• [Directions for this task]
Using the listing below, retype exactly the lines starting at the one with "5 lingettes démaquillantes" and ending at the one with "Fallingwater Landgoed - Canvas", and include both.

• [Recorded data]
"""
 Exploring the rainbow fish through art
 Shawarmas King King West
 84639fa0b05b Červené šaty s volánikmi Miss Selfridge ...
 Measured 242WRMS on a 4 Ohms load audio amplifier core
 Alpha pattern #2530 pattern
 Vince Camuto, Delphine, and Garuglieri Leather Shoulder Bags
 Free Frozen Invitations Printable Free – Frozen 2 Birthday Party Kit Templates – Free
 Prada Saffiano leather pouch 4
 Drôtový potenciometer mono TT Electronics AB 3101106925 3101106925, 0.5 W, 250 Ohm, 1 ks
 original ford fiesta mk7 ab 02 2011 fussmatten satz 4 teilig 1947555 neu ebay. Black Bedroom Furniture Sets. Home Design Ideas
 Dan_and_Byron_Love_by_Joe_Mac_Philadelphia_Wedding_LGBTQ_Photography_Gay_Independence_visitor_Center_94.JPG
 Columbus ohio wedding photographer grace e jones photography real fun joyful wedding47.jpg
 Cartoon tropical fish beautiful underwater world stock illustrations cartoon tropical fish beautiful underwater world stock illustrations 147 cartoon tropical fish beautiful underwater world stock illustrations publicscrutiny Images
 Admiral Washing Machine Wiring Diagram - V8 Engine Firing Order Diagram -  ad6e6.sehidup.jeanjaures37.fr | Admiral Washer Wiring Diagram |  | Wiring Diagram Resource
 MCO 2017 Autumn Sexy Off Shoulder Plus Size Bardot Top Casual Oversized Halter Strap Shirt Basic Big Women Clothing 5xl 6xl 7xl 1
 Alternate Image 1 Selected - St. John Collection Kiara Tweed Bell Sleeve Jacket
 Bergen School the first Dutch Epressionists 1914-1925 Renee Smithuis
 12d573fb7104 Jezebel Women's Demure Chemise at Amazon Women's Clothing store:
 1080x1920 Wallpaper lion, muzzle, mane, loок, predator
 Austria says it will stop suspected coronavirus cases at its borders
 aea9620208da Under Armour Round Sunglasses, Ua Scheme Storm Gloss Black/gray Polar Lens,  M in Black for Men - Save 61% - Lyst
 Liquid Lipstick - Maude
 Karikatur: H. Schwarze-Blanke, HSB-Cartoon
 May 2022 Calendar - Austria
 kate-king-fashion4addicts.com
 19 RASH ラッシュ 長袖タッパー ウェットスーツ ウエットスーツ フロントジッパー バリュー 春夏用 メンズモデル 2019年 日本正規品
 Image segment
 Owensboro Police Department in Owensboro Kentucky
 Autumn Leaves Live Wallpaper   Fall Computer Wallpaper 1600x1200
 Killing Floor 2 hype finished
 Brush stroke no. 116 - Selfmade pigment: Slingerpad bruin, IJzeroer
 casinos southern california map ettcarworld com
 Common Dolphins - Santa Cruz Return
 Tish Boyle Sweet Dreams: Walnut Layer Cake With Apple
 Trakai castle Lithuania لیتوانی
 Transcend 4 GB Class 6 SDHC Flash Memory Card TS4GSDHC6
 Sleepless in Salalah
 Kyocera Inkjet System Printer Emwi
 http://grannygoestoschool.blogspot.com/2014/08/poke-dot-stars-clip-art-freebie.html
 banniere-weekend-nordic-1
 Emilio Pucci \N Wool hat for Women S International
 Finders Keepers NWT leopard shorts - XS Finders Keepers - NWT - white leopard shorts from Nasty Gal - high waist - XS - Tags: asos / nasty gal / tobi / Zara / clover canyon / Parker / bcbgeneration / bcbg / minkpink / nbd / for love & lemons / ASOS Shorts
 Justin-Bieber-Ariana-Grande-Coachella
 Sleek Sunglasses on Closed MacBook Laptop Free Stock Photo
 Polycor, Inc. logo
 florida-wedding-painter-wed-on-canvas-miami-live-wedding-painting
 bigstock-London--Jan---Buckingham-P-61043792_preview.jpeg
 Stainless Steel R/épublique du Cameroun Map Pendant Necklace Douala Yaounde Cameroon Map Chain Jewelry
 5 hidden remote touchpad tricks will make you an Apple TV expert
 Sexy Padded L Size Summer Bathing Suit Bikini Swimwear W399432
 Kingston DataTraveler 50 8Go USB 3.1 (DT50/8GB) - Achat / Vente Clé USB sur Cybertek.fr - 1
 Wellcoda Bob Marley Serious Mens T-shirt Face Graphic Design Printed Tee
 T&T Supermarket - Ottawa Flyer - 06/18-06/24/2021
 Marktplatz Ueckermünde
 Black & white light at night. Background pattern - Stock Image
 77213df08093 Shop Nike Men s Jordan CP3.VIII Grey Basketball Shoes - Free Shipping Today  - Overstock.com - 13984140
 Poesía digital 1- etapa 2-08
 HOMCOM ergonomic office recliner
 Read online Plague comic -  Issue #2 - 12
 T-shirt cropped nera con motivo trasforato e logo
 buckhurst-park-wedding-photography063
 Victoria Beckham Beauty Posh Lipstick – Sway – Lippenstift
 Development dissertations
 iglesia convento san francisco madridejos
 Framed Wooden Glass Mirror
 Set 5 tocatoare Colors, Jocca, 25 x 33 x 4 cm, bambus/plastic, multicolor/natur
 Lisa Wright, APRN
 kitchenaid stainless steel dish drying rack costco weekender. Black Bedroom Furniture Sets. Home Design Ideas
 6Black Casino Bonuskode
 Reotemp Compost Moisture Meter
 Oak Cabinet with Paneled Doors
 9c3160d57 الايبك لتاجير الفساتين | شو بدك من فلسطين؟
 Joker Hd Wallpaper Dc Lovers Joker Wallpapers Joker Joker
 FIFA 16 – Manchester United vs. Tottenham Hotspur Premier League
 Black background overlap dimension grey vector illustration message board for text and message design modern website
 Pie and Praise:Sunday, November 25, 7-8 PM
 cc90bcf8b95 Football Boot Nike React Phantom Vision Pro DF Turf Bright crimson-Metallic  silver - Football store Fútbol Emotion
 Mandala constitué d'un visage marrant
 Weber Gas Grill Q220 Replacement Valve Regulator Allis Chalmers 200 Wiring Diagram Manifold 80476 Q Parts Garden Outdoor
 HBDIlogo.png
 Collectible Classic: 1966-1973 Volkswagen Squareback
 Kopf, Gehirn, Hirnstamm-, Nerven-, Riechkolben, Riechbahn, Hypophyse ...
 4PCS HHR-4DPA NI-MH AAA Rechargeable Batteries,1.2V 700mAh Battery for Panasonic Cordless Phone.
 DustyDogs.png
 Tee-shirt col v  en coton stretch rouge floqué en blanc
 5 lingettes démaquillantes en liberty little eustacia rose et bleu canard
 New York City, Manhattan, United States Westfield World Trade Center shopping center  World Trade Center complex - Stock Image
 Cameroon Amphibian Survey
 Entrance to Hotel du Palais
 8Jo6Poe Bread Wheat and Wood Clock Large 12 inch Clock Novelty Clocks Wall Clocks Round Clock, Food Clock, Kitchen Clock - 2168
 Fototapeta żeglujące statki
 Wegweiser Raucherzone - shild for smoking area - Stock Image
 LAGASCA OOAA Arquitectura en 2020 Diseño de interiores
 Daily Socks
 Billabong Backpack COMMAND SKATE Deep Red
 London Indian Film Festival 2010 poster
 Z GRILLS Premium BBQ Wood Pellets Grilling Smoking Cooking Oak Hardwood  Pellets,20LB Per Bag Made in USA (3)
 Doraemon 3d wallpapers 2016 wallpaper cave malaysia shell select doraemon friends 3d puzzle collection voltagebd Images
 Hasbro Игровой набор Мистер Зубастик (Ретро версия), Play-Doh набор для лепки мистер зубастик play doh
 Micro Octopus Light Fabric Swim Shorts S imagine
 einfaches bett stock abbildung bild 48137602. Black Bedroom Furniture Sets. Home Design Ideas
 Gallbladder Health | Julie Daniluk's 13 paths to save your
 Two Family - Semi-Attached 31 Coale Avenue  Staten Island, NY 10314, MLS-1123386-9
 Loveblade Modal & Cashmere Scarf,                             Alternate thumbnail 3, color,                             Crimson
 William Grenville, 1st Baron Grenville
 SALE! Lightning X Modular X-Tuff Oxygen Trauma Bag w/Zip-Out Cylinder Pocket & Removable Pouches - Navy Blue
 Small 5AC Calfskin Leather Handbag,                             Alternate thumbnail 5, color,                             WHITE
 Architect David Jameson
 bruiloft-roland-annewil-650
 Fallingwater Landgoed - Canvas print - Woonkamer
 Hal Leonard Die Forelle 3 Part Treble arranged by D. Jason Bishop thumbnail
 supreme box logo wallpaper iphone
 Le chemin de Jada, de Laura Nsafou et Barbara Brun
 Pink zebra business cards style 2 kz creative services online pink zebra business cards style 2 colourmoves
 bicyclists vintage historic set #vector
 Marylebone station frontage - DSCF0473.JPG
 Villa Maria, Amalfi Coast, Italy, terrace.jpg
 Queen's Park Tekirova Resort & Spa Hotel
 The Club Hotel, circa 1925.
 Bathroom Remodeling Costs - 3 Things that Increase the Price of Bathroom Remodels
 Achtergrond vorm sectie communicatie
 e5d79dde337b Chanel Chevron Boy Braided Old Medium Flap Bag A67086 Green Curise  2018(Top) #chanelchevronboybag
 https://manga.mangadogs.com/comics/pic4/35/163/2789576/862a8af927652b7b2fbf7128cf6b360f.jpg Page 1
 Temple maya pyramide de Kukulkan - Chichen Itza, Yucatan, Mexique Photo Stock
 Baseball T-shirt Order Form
"""
• [Result of the exercise]
 5 lingettes démaquillantes en liberty little eustacia rose et bleu canard
 New York City, Manhattan, United States Westfield World Trade Center shopping center  World Trade Center complex - Stock Image
 Cameroon Amphibian Survey
 Entrance to Hotel du Palais
 8Jo6Poe Bread Wheat and Wood Clock Large 12 inch Clock Novelty Clocks Wall Clocks Round Clock, Food Clock, Kitchen Clock - 2168
 Fototapeta żeglujące statki
 Wegweiser Raucherzone - shild for smoking area - Stock Image
 LAGASCA OOAA Arquitectura en 2020 Diseño de interiores
 Daily Socks
 Billabong Backpack COMMAND SKATE Deep Red
 London Indian Film Festival 2010 poster
 Z GRILLS Premium BBQ Wood Pellets Grilling Smoking Cooking Oak Hardwood  Pellets,20LB Per Bag Made in USA (3)
 Doraemon 3d wallpapers 2016 wallpaper cave malaysia shell select doraemon friends 3d puzzle collection voltagebd Images
 Hasbro Игровой набор Мистер Зубастик (Ретро версия), Play-Doh набор для лепки мистер зубастик play doh
 Micro Octopus Light Fabric Swim Shorts S imagine
 einfaches bett stock abbildung bild 48137602. Black Bedroom Furniture Sets. Home Design Ideas
 Gallbladder Health | Julie Daniluk's 13 paths to save your
 Two Family - Semi-Attached 31 Coale Avenue  Staten Island, NY 10314, MLS-1123386-9
 Loveblade Modal & Cashmere Scarf,                             Alternate thumbnail 3, color,                             Crimson
 William Grenville, 1st Baron Grenville
 SALE! Lightning X Modular X-Tuff Oxygen Trauma Bag w/Zip-Out Cylinder Pocket & Removable Pouches - Navy Blue
 Small 5AC Calfskin Leather Handbag,                             Alternate thumbnail 5, color,                             WHITE
 Architect David Jameson
 bruiloft-roland-annewil-650
 Fallingwater Landgoed - Canvas print - Woonkamer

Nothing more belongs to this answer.